Getting Away

Tomorrow I leave, for 4 whole days, with my man! Our time to get away and talk, discuss everything, but mostly just to get away from everything. I need to get away! Currently I’m sitting with my dog on my lap, holding him close tonight. I’m going to miss him bad!! But like I said, I’m ready to get away.

It has been a long couple of days of work, nothing horrible has happened, it’s just been long. Life at hell job…well it’s not bad because I’m never there. When I am there, everyone bitches about it and how horrible this stupid ass useless “Chief” is. Like beyond useless and stupid too! I just can’t even begin to explain the level of stupid without typing an entire book. It’s just getting ridiculous! I hope they shut the place down, that would be the best thing for it and start a new one in a few years. So that place has turned so stupid that it’s starting to get funny. But I only work there like one shift a week and starting October it’ll be a LOT less than that! No one is working, it’s gotten crazy, not even enough people to run a truck. I find it SO fucking funny!!

But starting tomorrow morning at 7am I am out of here and not thinking about any of it or anything! I might be around posting if I spend time typing everything in my head, but I doubt it. I have so many thoughts, like non stop, I have talked about this before I just can’t get to paper or a computer to write it all out. My mind is just non stop all the time! Damn you ADHD!! Speaking of that…it’s acting up right now so I’m going to go to bed and sleep some before I get up to see my man and take off! Enjoy your weekend all! I will catch up when back!

Mini Escape

My man took me away for a mini vacation, to escape the hell I’m in, and boy am I glad he did! I needed this time away! Bad!

He has been treating me SO good! Taking care of everything for me. And even better…he surprised me with an hour long full body massage!! It was amazing! Just incredible! I am so freaking relaxed! And not ready to return to reality.

Back to Life

I’m alive, though I cannot say all is well. I’m fucking livid right now! But more on that later, first…vacation.
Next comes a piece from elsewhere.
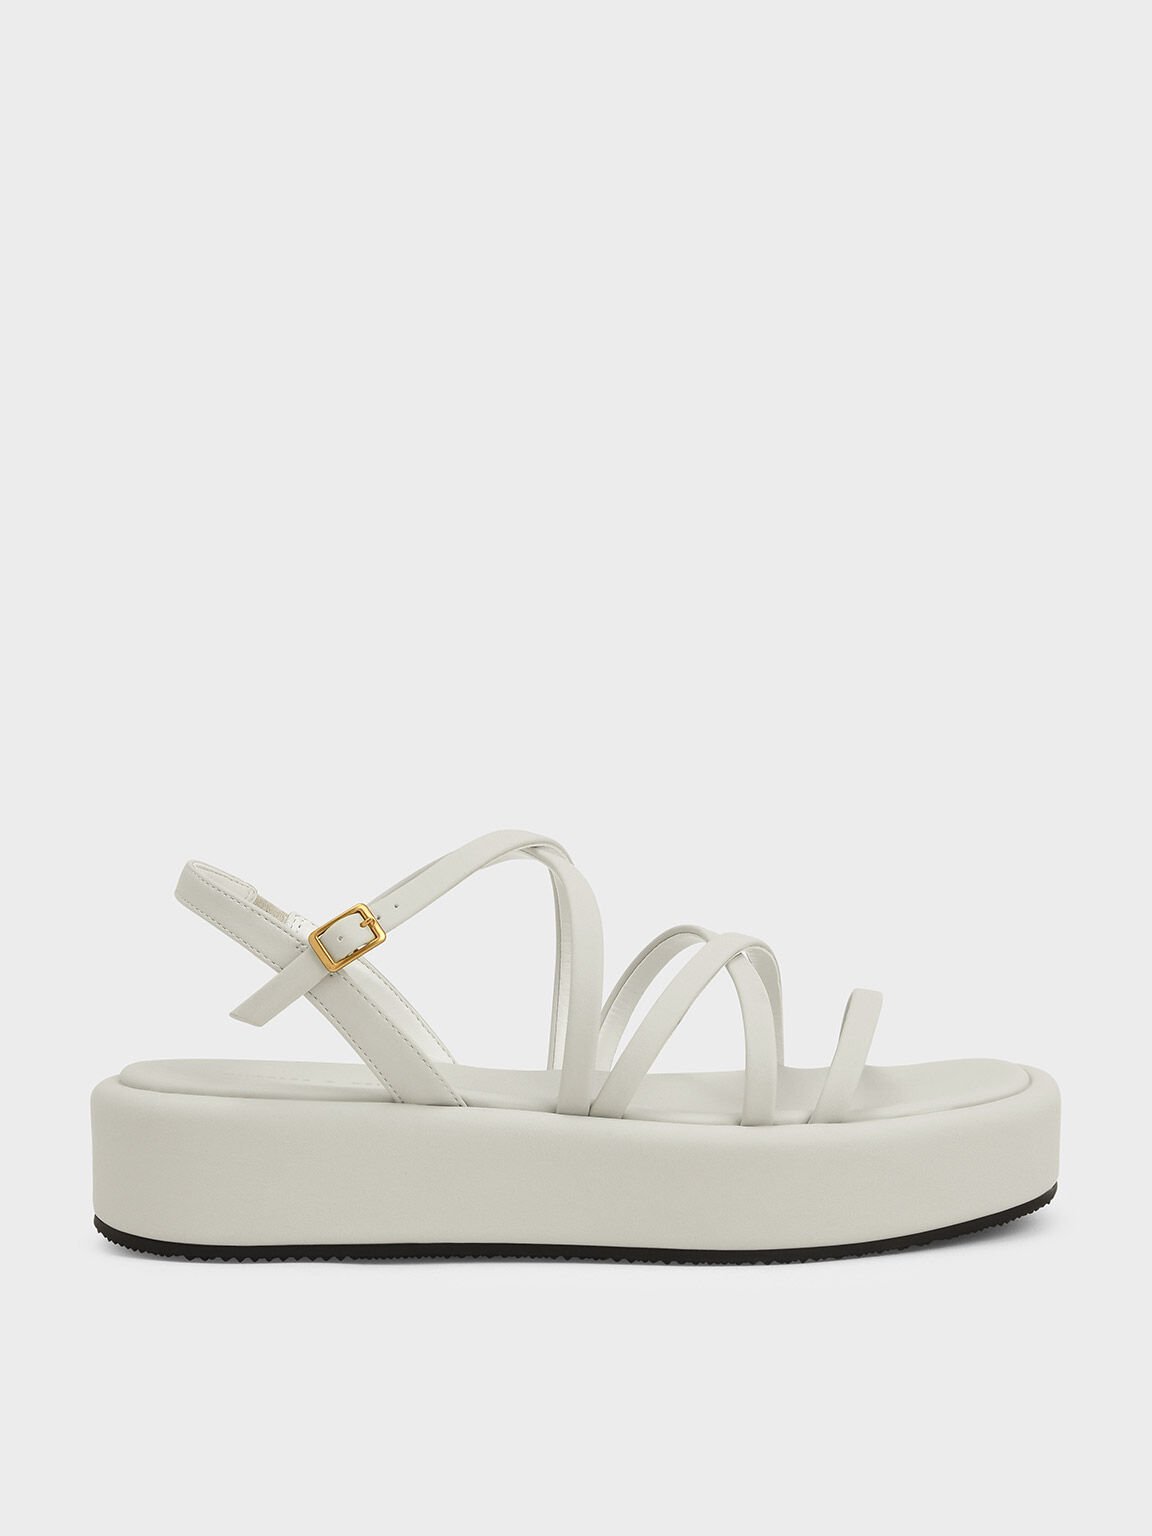 Charles Keith Sandals, Charles Keith Shoes Size

I love the mountains! And got my first snow fall in early! It was B-E-A-utiful! : ) I love the snow! Hate the cold, but love the snow! And hell, if it’s going to be cold, then it might as well snow, right? I really enjoyed my time away, sorry I was absent from here, I just took a break from every part of life and didn’t answer any texts, e-mails, or anything. Except of course those from my counsins and Rocks (you should feel special). I love going out there because everyone is so accepting of my man and I and they don’t care, they just think of us as “normal.”
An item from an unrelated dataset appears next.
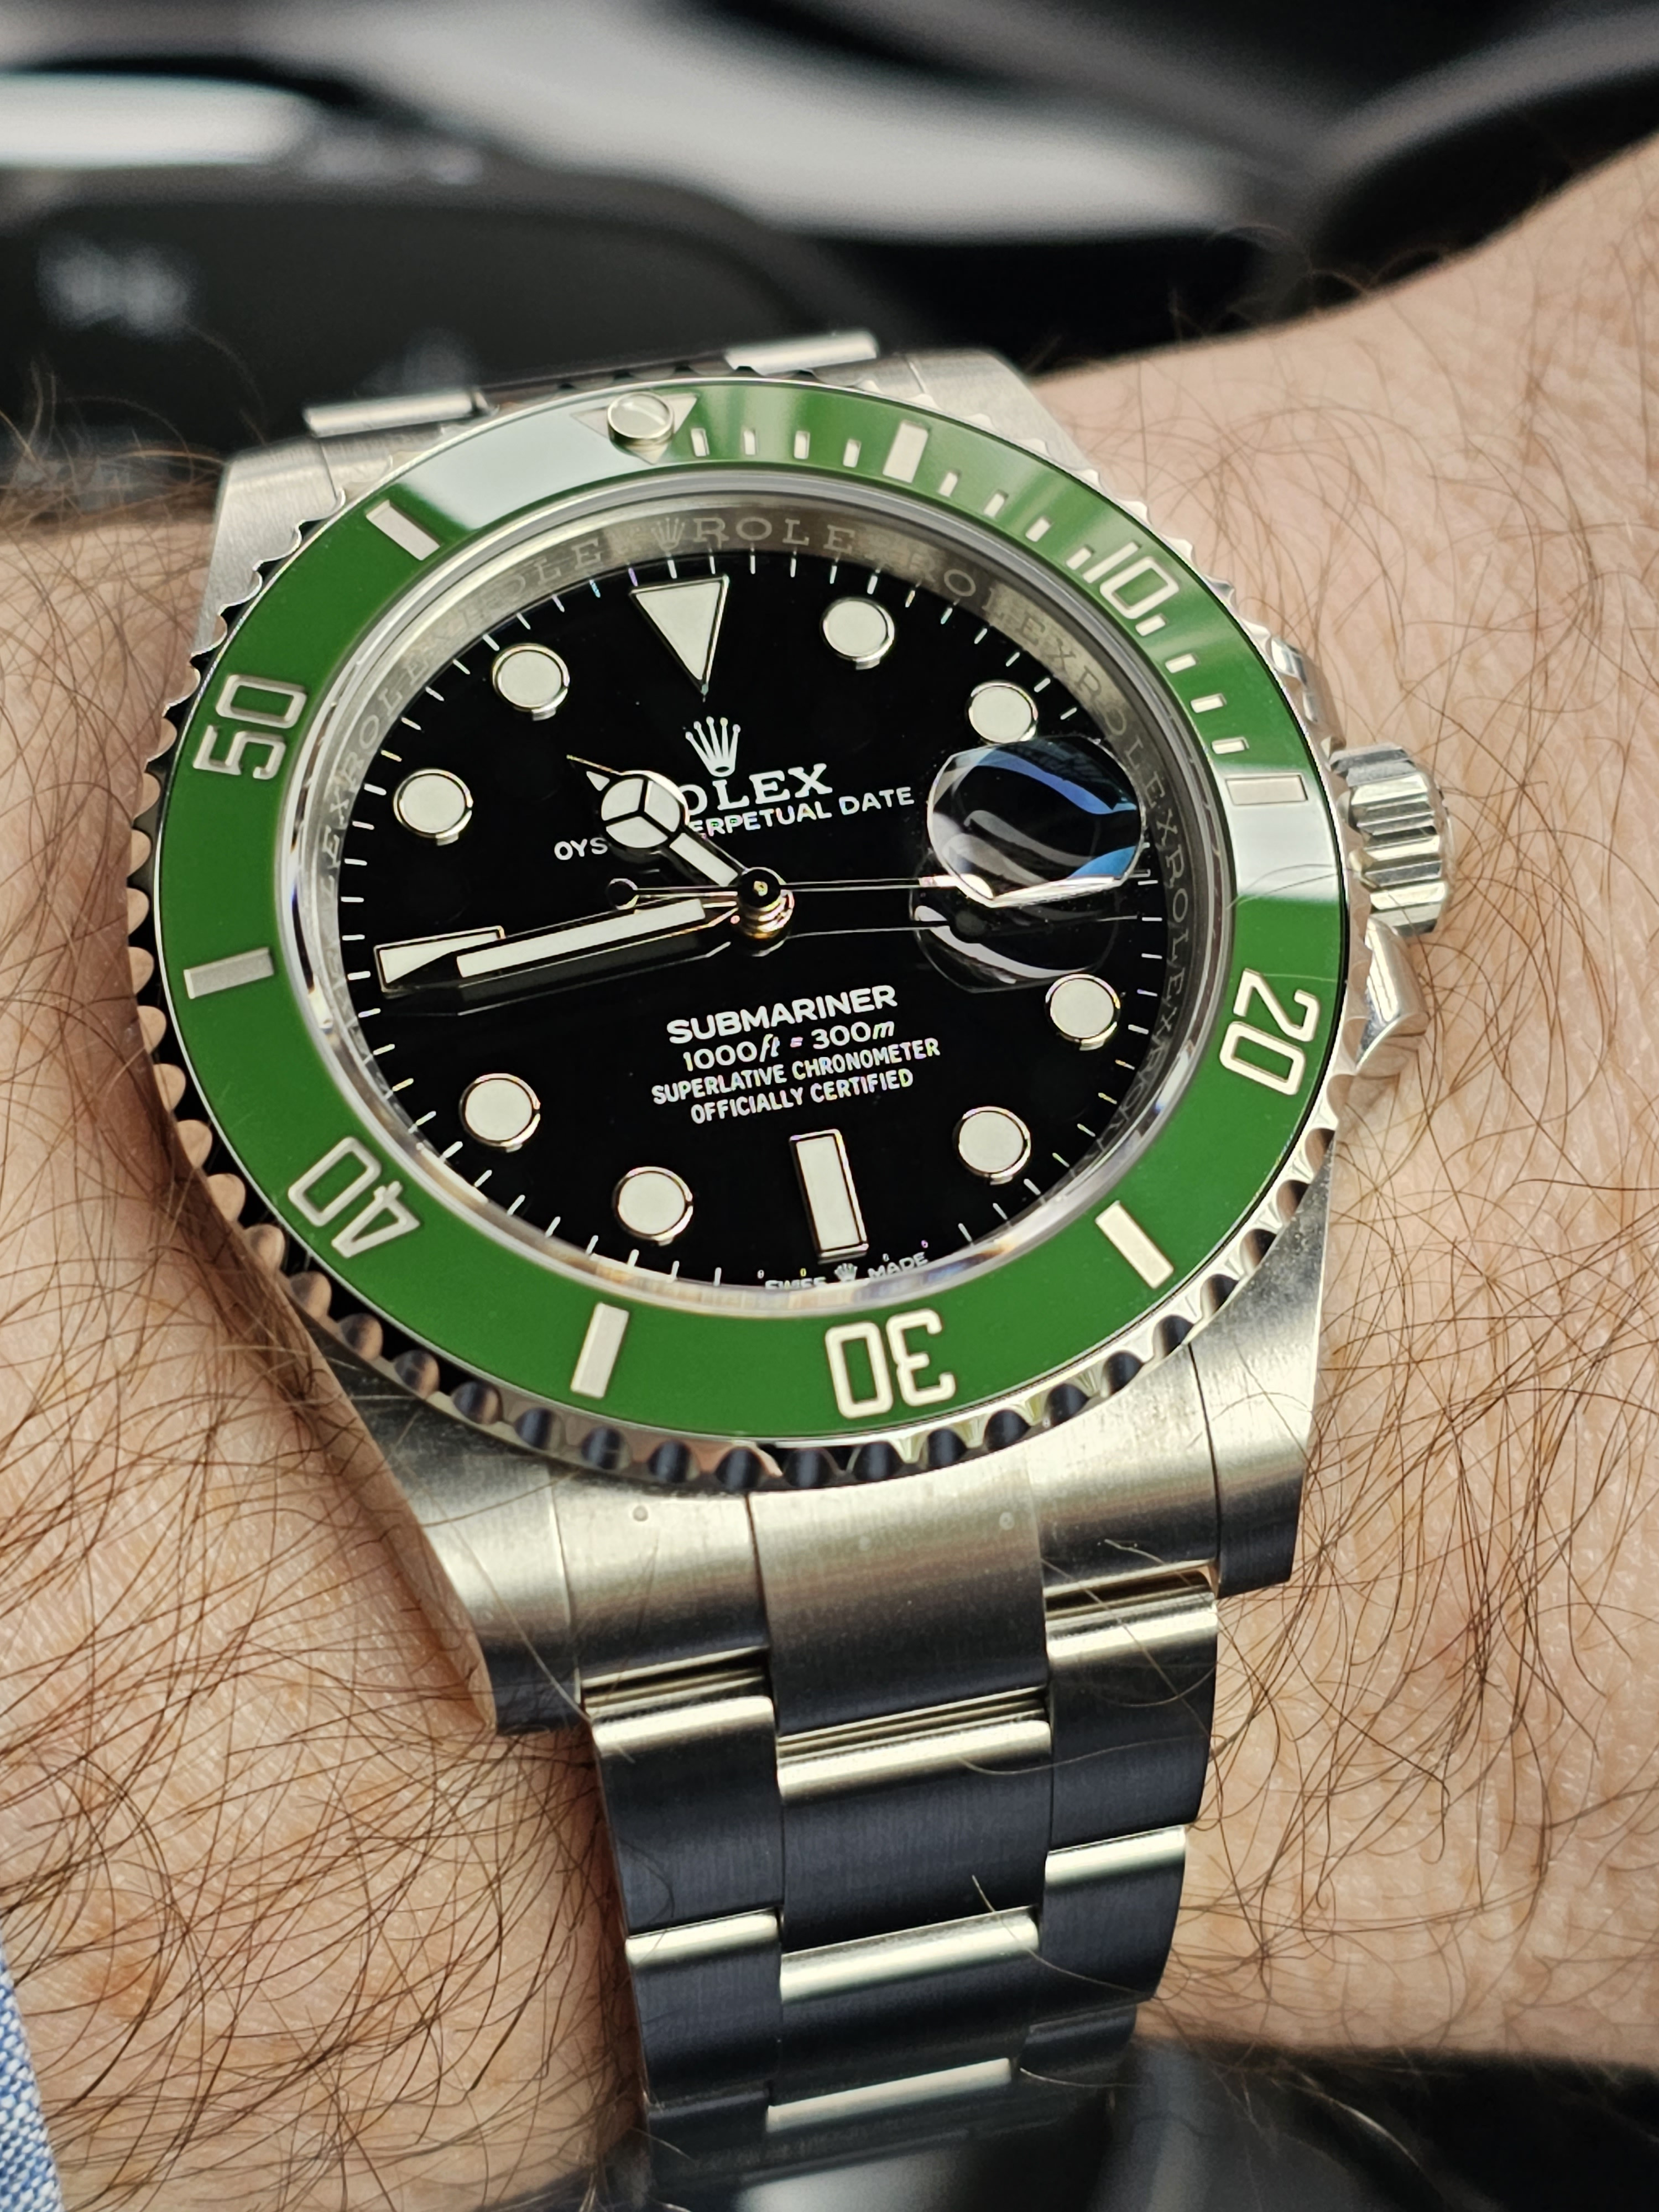 New & Old LV side by side - Rolex Forums - Rolex Watch Forum

The first night out we got in late, so we just sat around the house and didn’t do much. The second day there we did some shopping and hanging around during the day, then volunteered for an event in Longmount and I got some great pictures (which I promise to try to get up soon, those of you that know my photography page…well you get the lucky preview!). Then on Saturday my man and I got up early and headed into the mountains. If you don’t know, there is a fire burning in Rocky Mountain National Park, which is my favorite place to explore. In fact, the day after I left Colorado in October, this fire started, illegal camp fire, and it has burned about 3,000 acres and is still burning. Some of the places I got beautiful pictures last time are burned up and others I couldn’t even get to this time. It’s a shame, but fortunate that no one has been killed. Despite the fact that the forest needs a good burn every one and a while, it needs to be done naturally, not because some idiot can’t listen to fire bans!
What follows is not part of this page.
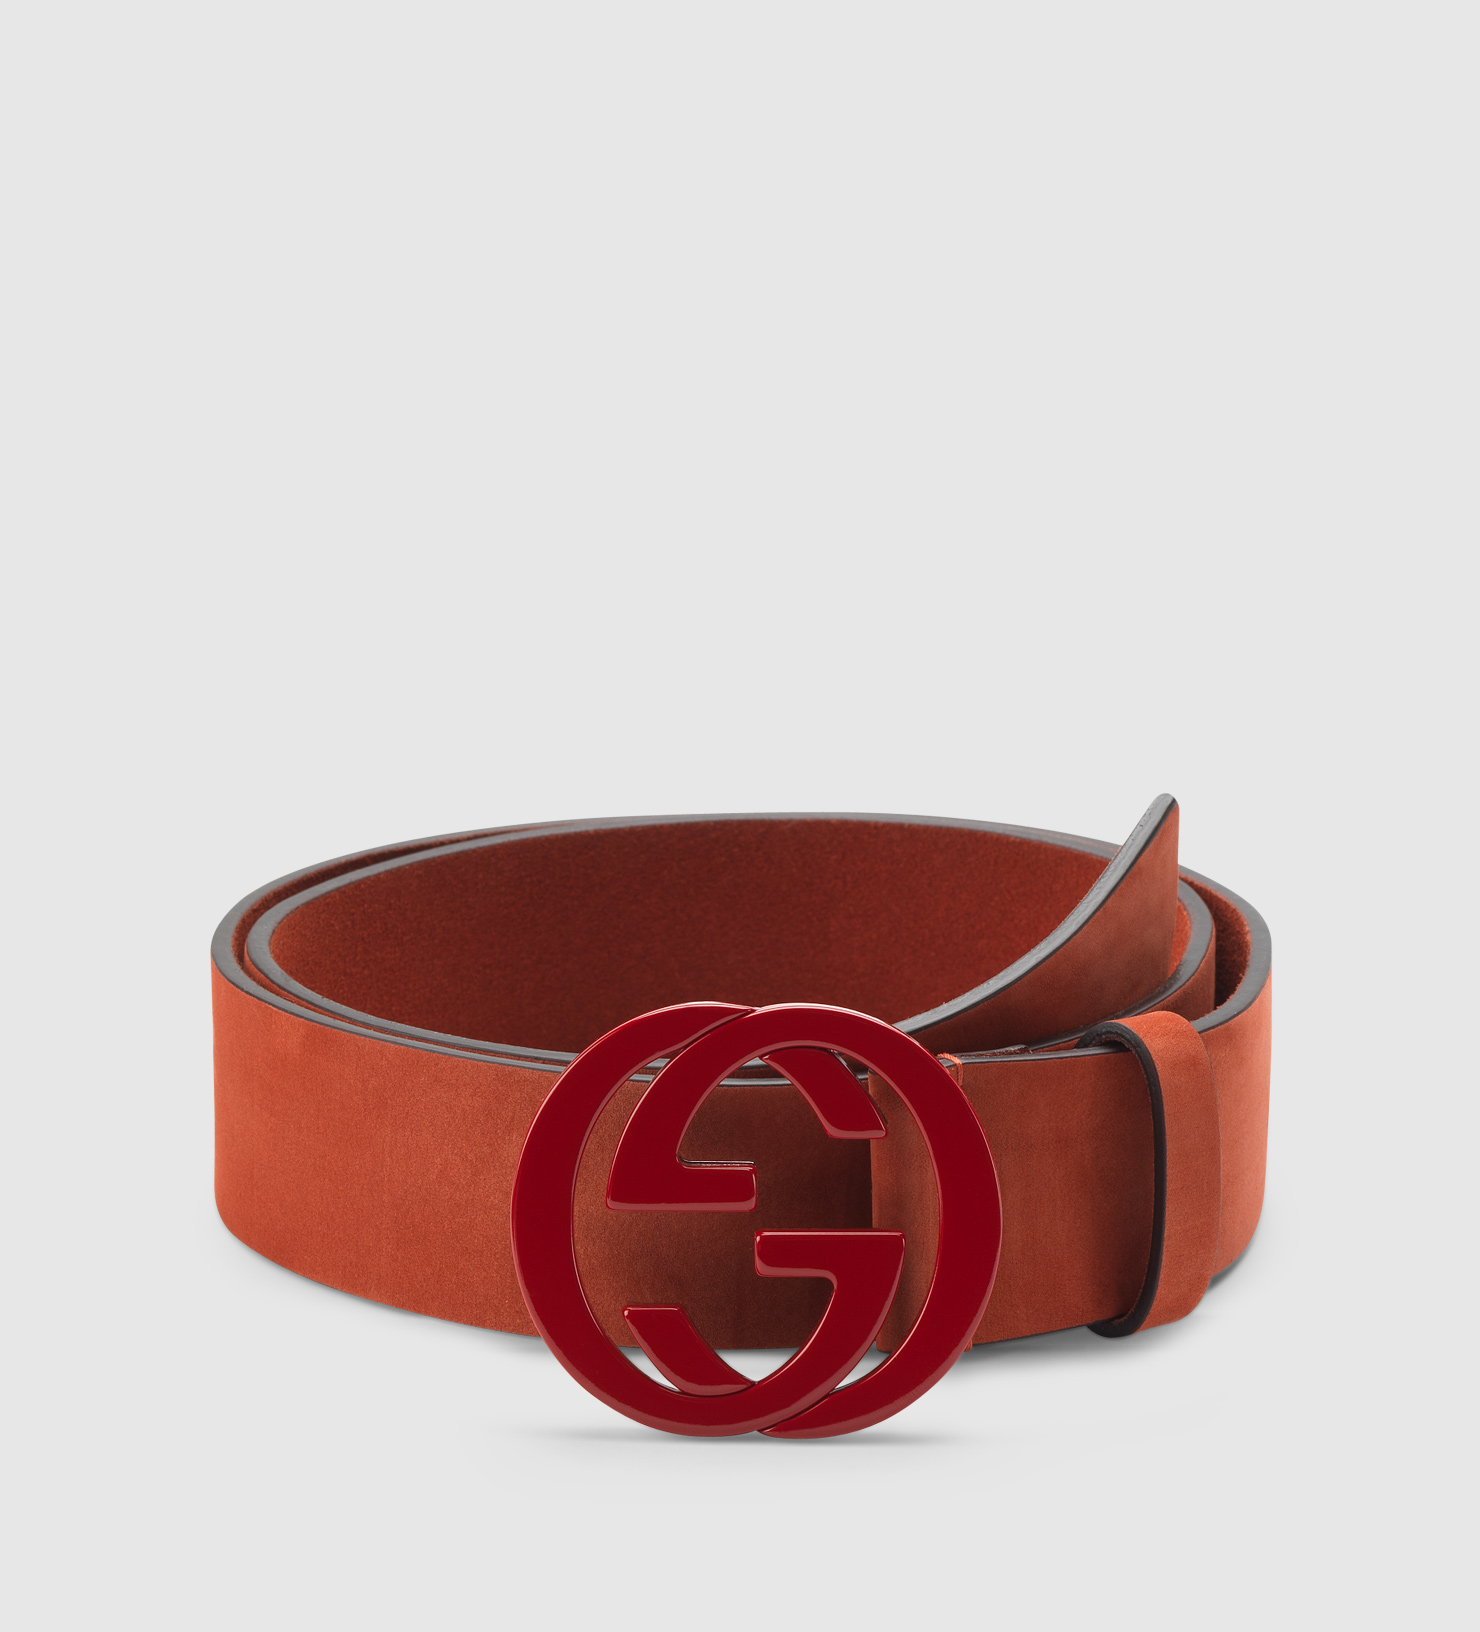 red gucci belt silver buckle

On Sunday we just sat around the house mostly, wondered out for a short period, but it was too damn cold to do anything! It was a grand total of 7 degrees that morning! Ouch! Then Monday morning off to the airport bright and early with a grand total of 10 degrees. Holy crap! And I thought I was going to come home to warmer weather…it was a high of 32 the past two days…someone thaw me out please! The worst part about coming home, was the fact that I was coming home, but also that the damn airport seemed to have the freaking AC on! WTF?! Is all of Denver that crazy?? Despite the fact that my man was a little chilly, he put his coat on me because my skinny ass can’t handle the cold that much. Ha!

So now I’m back and fucking reality has kicked in and this morning I screamed, “Fuck the fucking fuckers!” (Pardon my language.) And before you ask…yes, I’m back at “hell” job today! Man this place just makes a person want to take a fucking gun to the head! (I won’t do that Rocks, I promise!!) There is just SO much lazy and stupid…it’s like in super excessiveness! I’m beyond pissed this morning! When I leave my house I turn my tone pager on, and for those of you that don’t know…it’s that annoying black box carried on the belt that loves to interrupt your meal, sleep, relaxations time, holidays, visits, etc.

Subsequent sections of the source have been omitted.